The roots of this uncertainty stem from widening divergence and lack of trust among Russia, China and the US on security, growing gaps in their approaches to global tensions, including in Ukraine, North East Asia and the Indo-Pacific, and flaring up of dangerous psychoses in West and South Asia against Iran, Syria and in Afghanistan. One captious ground against the ‘deterrence-only’ role of nuclear weapons has been extended deterrence, which seems to be challenged when South Korean president shows his pronounced unease about the dangerous nuclear war rhetoric. South Korean preference for dialogue and sanctions is reminiscent of Helmut Kohl’s Cold War Oestpolitik and the panic of many in Germany as potential victims of deterrence failure rather than beneficiaries of European missile deployment.  

The passionate advocacy of the Ban Treaty falls short of carrying conviction with those toward whom it is directed. Only a minority among the nine nuclear-armed states values the merit of the campaign which highlights that the world is just "a tantrum away" from doomsday, to quote from the Nobel ceremony. The latest news reports indicate that a draft US Nuclear Posture Review in US visualises a devastating cyber attack as an "extreme circumstance” for resorting to use of nuclear weapons. A host of questions arise about likely pre-emption or retaliation targets and a repeat of post 9/11 arguments about terror attacks justifying nuclear weapons’ use. On the other hand, reports about Russian possession of an Artificial Intelligence (AI)-driven intercontinental nuclear torpedo portend a new spiral of escalation.

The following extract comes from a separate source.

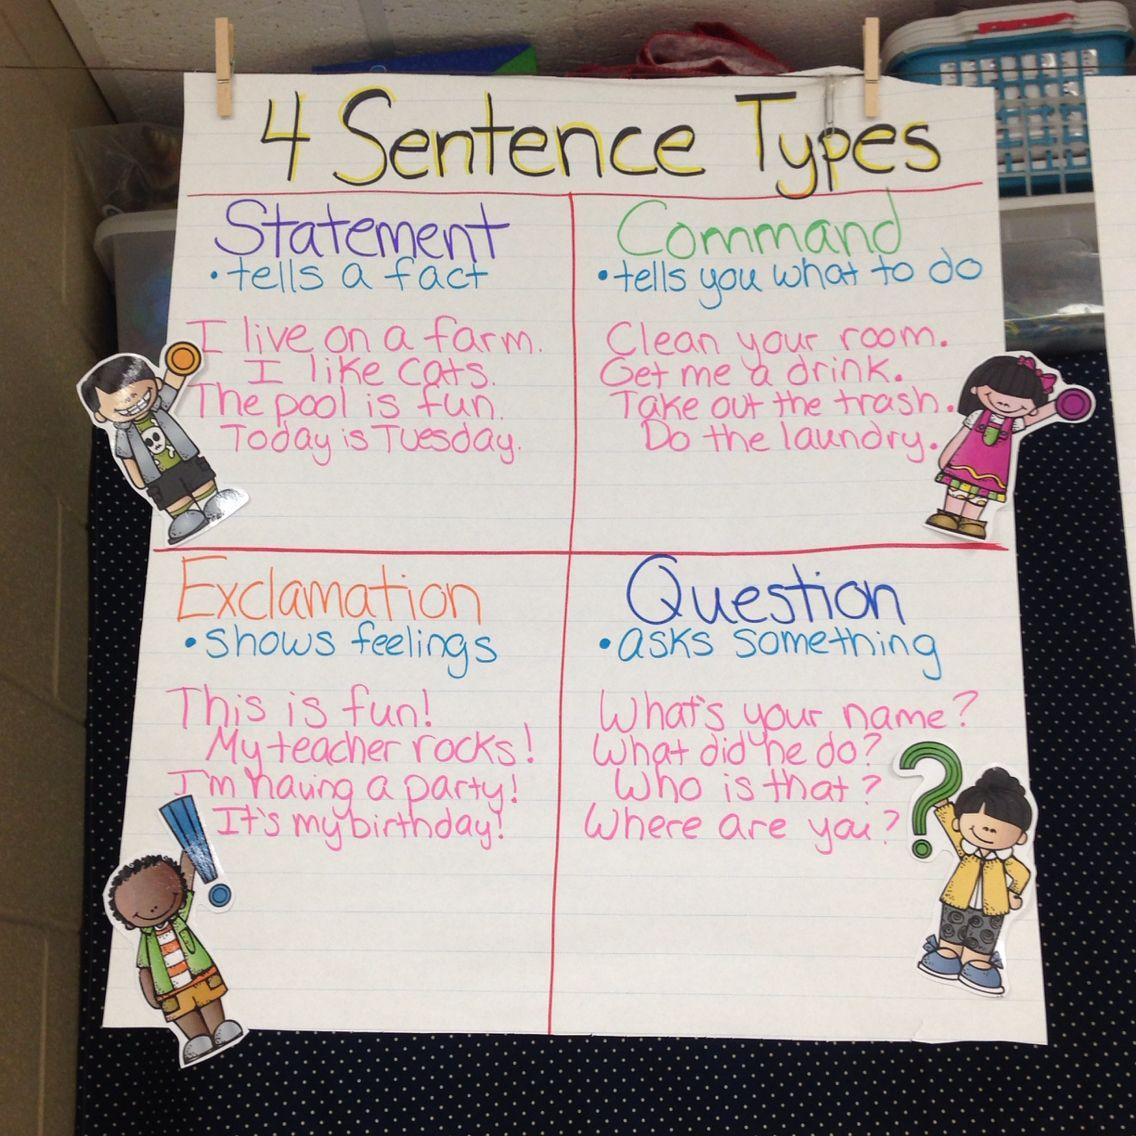 4 sentence types anchor chart

There is, for an optimist, a faint trickle of light that shines on North Korea’s upcoming participation in the Winter Olympics in South Korea and prospect of dialogue or positive turn of events there, Iran deal’s surviving yet another killer deadline and unconfirmed informal contacts between US State Department officials and counterparts in Moscow on these issues. The enlightened appeal of the Ban Treaty in these trying times, however, is for doing much more than clutching at straws in the wind.